Le economie di scala rappresentano un pezzo decisivo della visione di Marx. E con Marx Sebastiano si trovò ben presto costretto a fare i conti. Dove stava, per Marx, la fonte delle economie di scala? Io, che ero considerato un esperto di Marx, non l'avevo mai capito. Stava, lui ci spiegò, nella forza motrice. Un motore centrale che mette in movimento cento torni, o cento telai: sono queste le fabbriche di Marx, con i loro bracci mostruosi che trasmettono il movimento. Ma se basta inserire una spina per avere la corrente elettrica necessaria, la tecnologia è altrettanto avanzata se i cento torni, o telai, stanno tutti insieme che se stanno in posti diversi. Che poi tecnologia avanzata e bassi salari possano convivere felicemente è un risultato difficilmente spiegabile alla luce della teoria economica dominante. Era questo un punto che Sebastiano amava ricordare come prova del fatto che la sua giovanile frequentazione di Piero Sraffa e dei dibattiti sulla teoria del capitale non erano passati per lui come l'acqua sui sassi.
Nello studio delle piccole imprese (ma anche dell'agricoltura "ricca", e dei nessi fra attività agricola e attività industriale) sta il nucleo originario delle riflessioni che hanno condotto Sebastiano agli aspetti più noti della sua produzione scientifica: lo studio dei distretti industriali, dove ha trovato significativi punti d'incontro con un altro studioso, Giacomo Becattini, che oggi come me piange la perdita di un amico prezioso; e quello delle interazioni fra struttura produttiva, mercato del lavoro e forme della mediazione e del controllo sociale.

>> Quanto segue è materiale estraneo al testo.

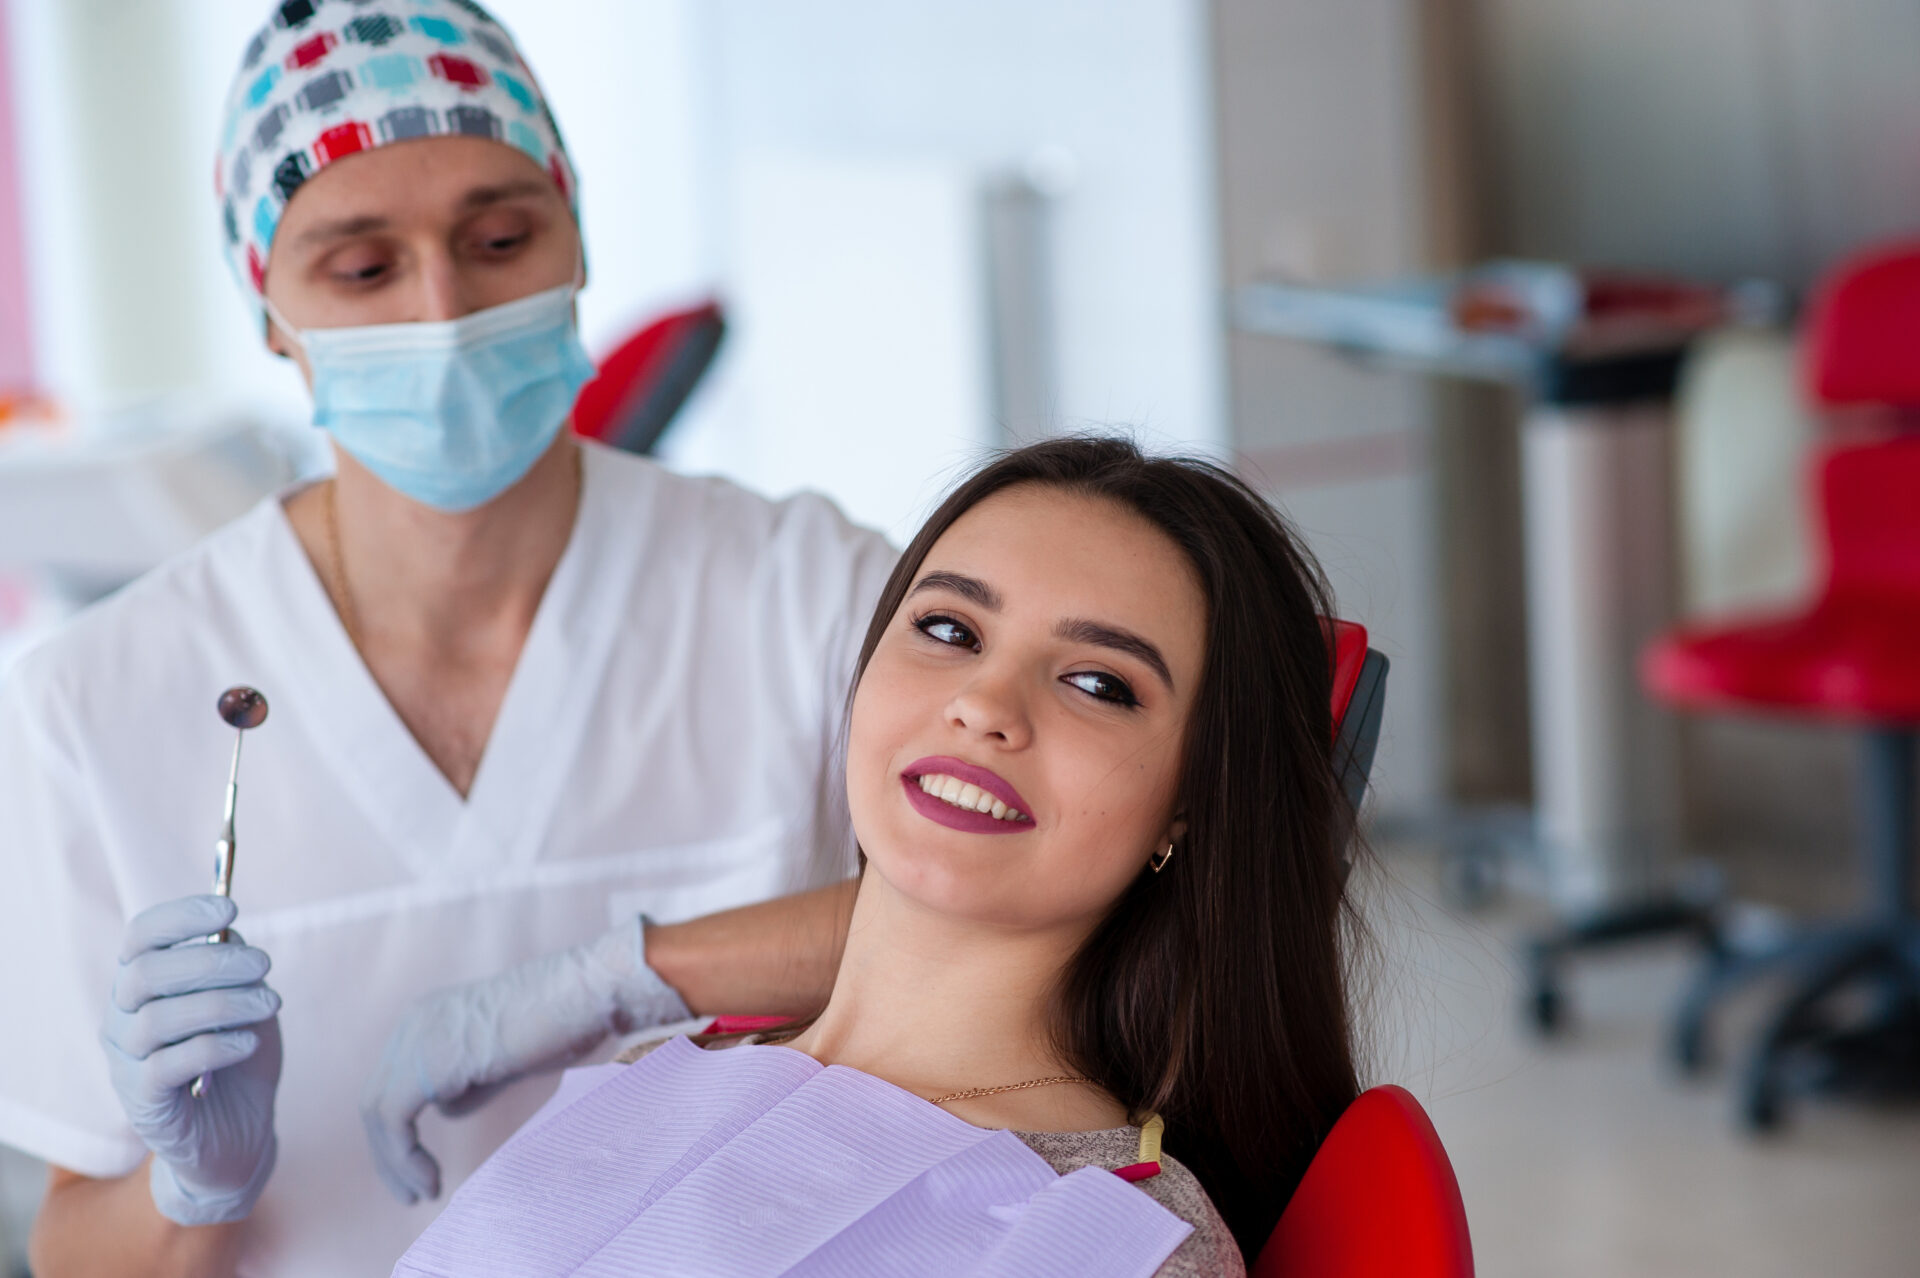 Portrait of a dentist and a beautiful girl in dentistry.

Eloquente appare qui il titolo di un saggio che ha esercitato una forte influenza e che gli è valso i primi estesi riconoscimenti internazionali: Il "Modello Emilia": disintegrazione produttiva e integrazione sociale.
Ho parlato più delle cose lontane che di quelle vicine. Spero che non mi venga rimproverato. Questo è il momento della commozione e del ricordo. Per un apprezzamento completo ed equilibrato del suo lavoro scientifico ci sarà tempo in seguito.
Se il lettore si è incuriosito, vada a vedere, per prima cosa, le note di presentazione ai saggi raccolti nel volume Piccole imprese e distretti industriali (Rosenberg & Sellier, 1989). In tali note, cui ho liberamente attinto, l'autore non fa quel che ogni scrittore accademico farebbe: sistemare retrospettivamente la materia, colmare (o nascondere) le lacune, integrare e aggiornare i riferimenti alla letteratura. Fa una cosa diversa e del tutto inconsueta. Racconta come gli è venuta l'idea, o come gli si è presentata l'occasione, di occuparsi di un argomento; rievoca le discussioni con i colleghi e i rapporti con il sindacato; parla degli allievi che hanno collaborato con lui: tantissimi, perché era uno straordinario plasmatore di intelligenze e suscitatore di energie. Egli giustifica così questo modo di procedere: "Mi sono convinto che alla mia età - e in tempi in cui la distinzione fra pubblico e privato si fa, finalmente, meno netta e marcata - potevo consentirmi di raccontare il dove, il come, il perché e il quando di ogni pezzo, evitando di tenere un discorso rigorosamente impersonale e analitico. E mi sono accorto, nel farlo, che in questo violare le regole vi erano talvolta dei pericoli, ma anche, in più di un caso, occasioni di riflessioni e di sorriso". Dietro l'ultima parola chi lo ha conosciuto vedrà il suo sorriso, che era un sorriso speciale, appena accennato, che indugiava a lungo a mezz'aria, come trattenuto da un improvviso ritegno, o da un pensiero malinconico.


* Questo testo riprende, con alcune modifiche, l'articolo di F. Vianello in ricordo di Sebastiano Brusco pubblicato da Il manifesto il 31 gennaio 2002.